The report back from my local dealership was that a previous fix had led to the stub axle having been bent, which led to unusually hard wear on the pad, and the worn pad had not been picked up by the warning system because that part of the wiring harness had been damaged and not replaced (probably because the fitting of a whole new harness – the only potential remedy – would have cost the previous owner (Citroën UK) over £1,000 to buy and fit.
The second time I was left stranded, I was again quite lucky in that I was about 200 yards from my destination’s car park and not that far from home (and therefore from BL Autos, whom I discovered for myself about 5 years into ownership). This time, on having driven slowly over one of those small but sharp speed-bumps, there was a loud clonk followed by rapid lowering of the suspension until the car was on its bump-stops by the time I managed to stop in the car park.

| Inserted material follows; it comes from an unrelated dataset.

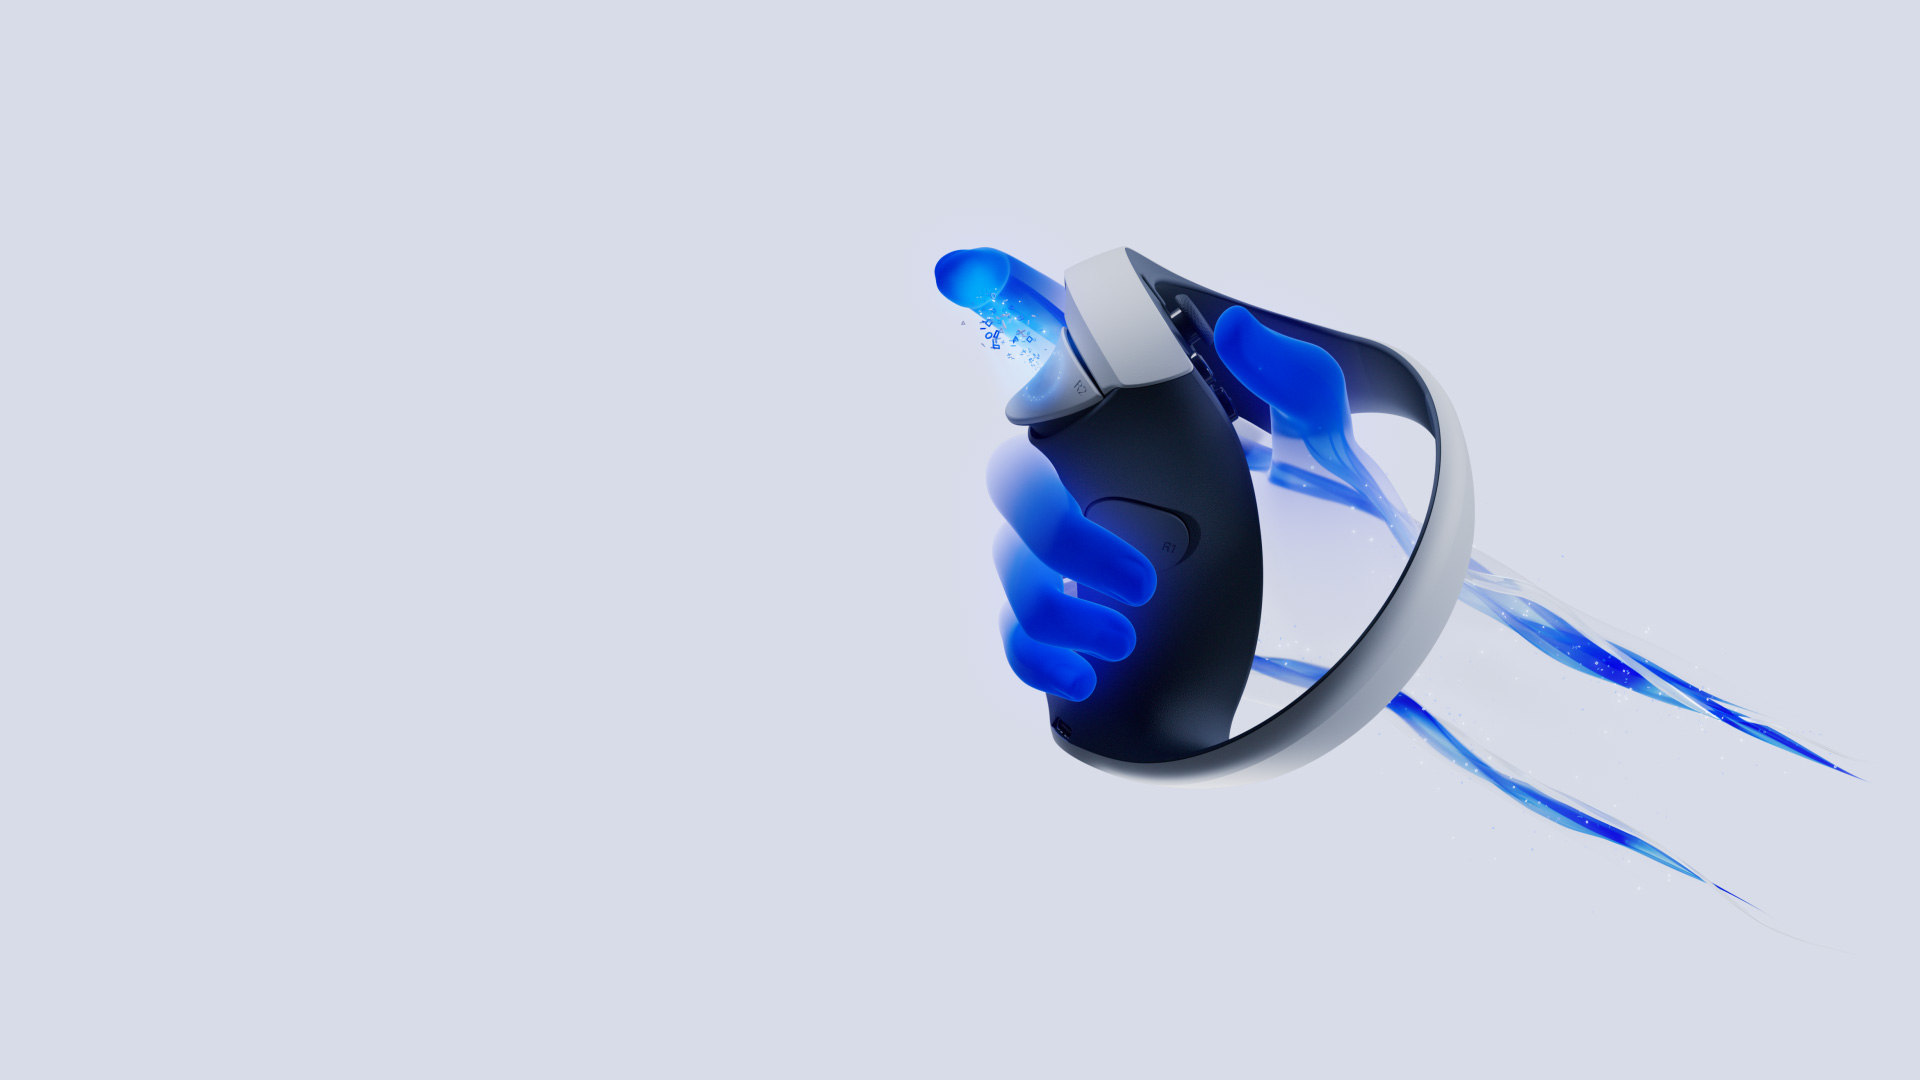 Gafas realidad virtual PlayStation VR2 · Sony · El Corte Inglés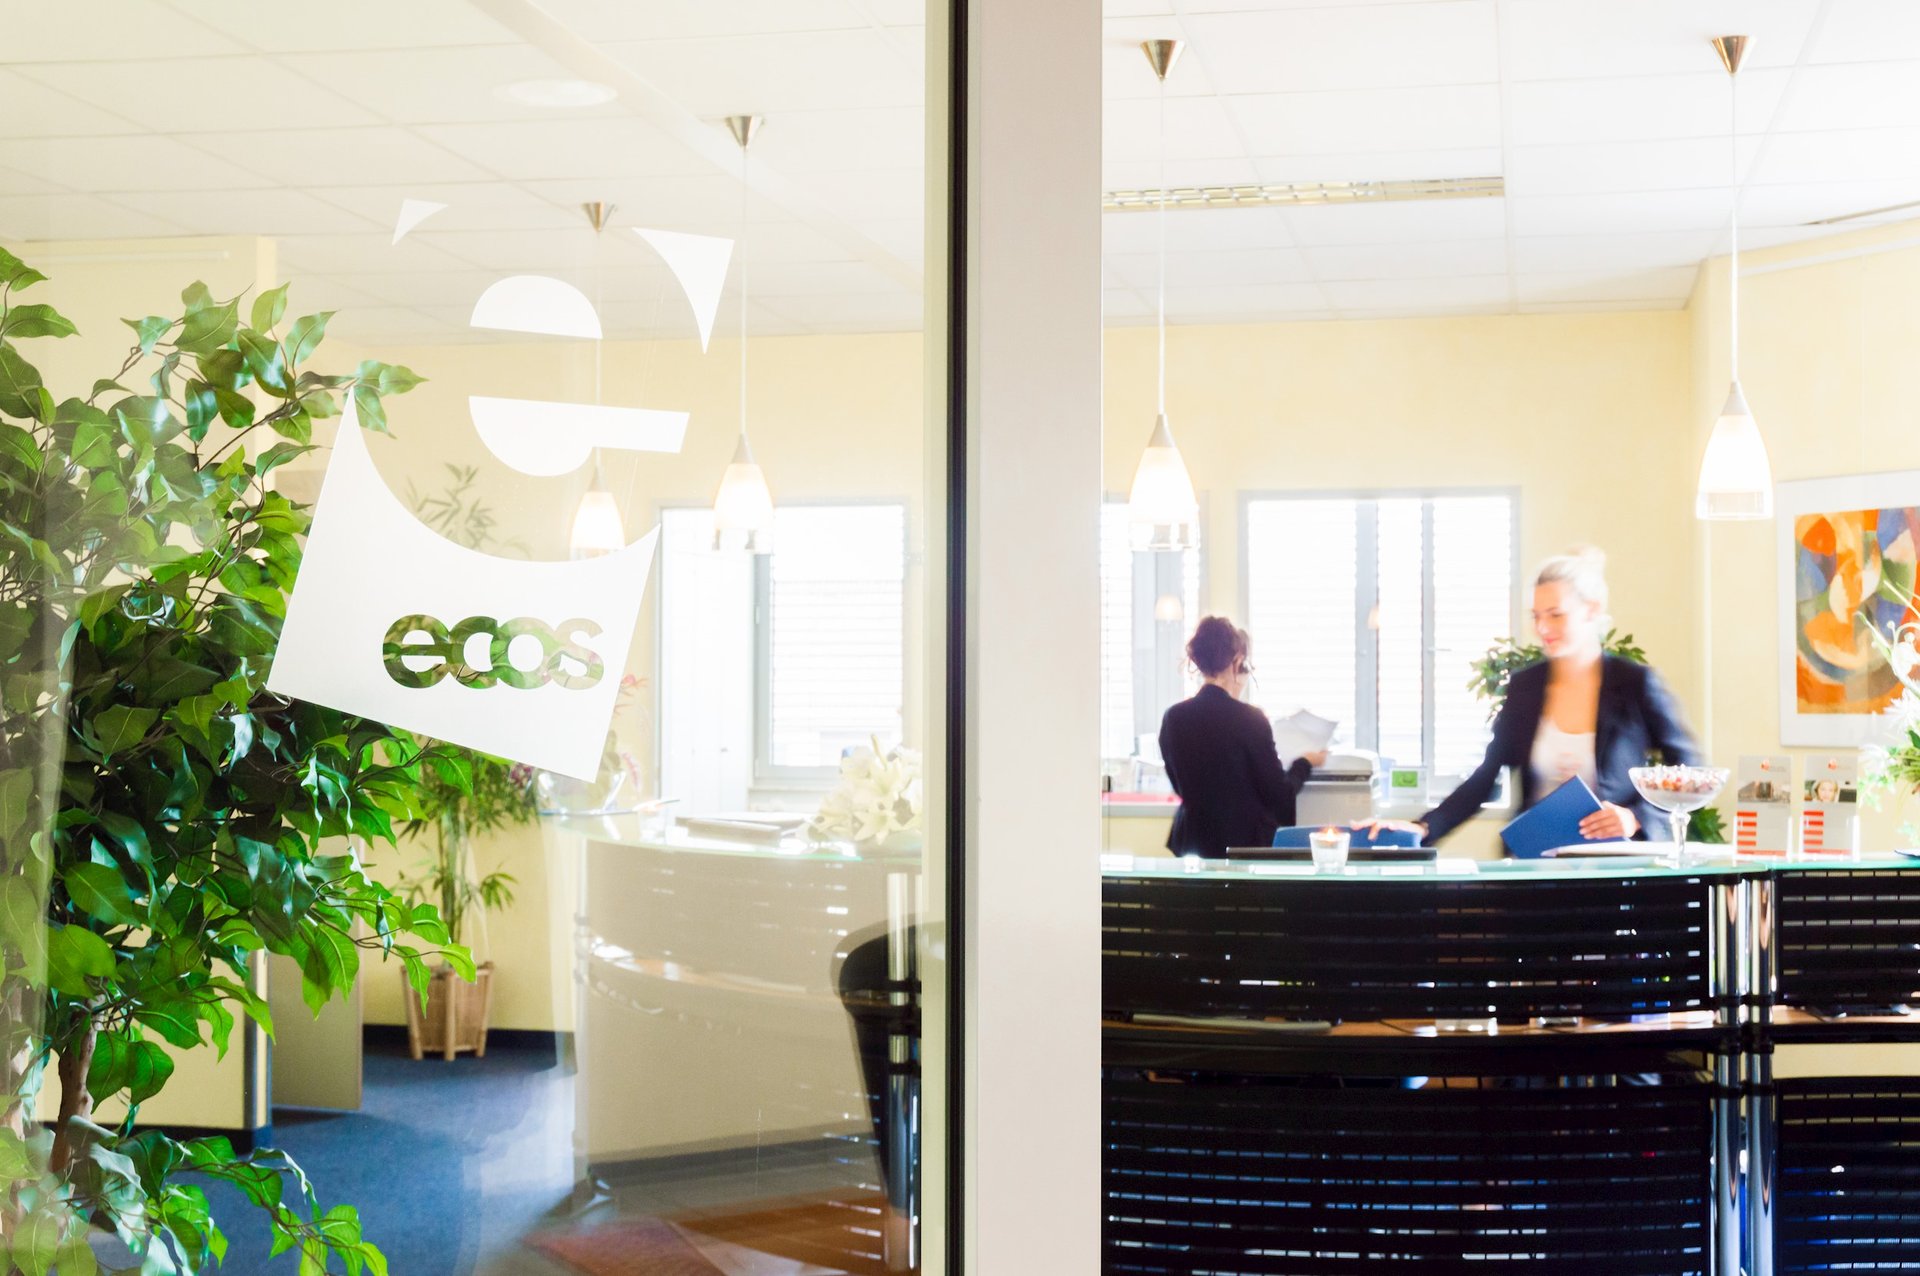 ecos office center hannover-süd beltere

A trail of fluid snaked back down the road I had just travelled and the front nearside wheel was soaked in the same liquid. The car was again rescued by the AA – this time with impeccably good service; the care with which the guy got the awkwardly low C6 with its long snout onto the low-loader was a joy to watch – and taken to BL Autos.
They diagnosed that the top of the front strut had corroded and actually popped-off, like the lid of a tin-can. The other front strut had sprung a leak about three years earlier, so this is clearly an area of a degree of weakness, as was to prove other aspects of the suspension’s componentry, as I will explore further in the next part of this saga.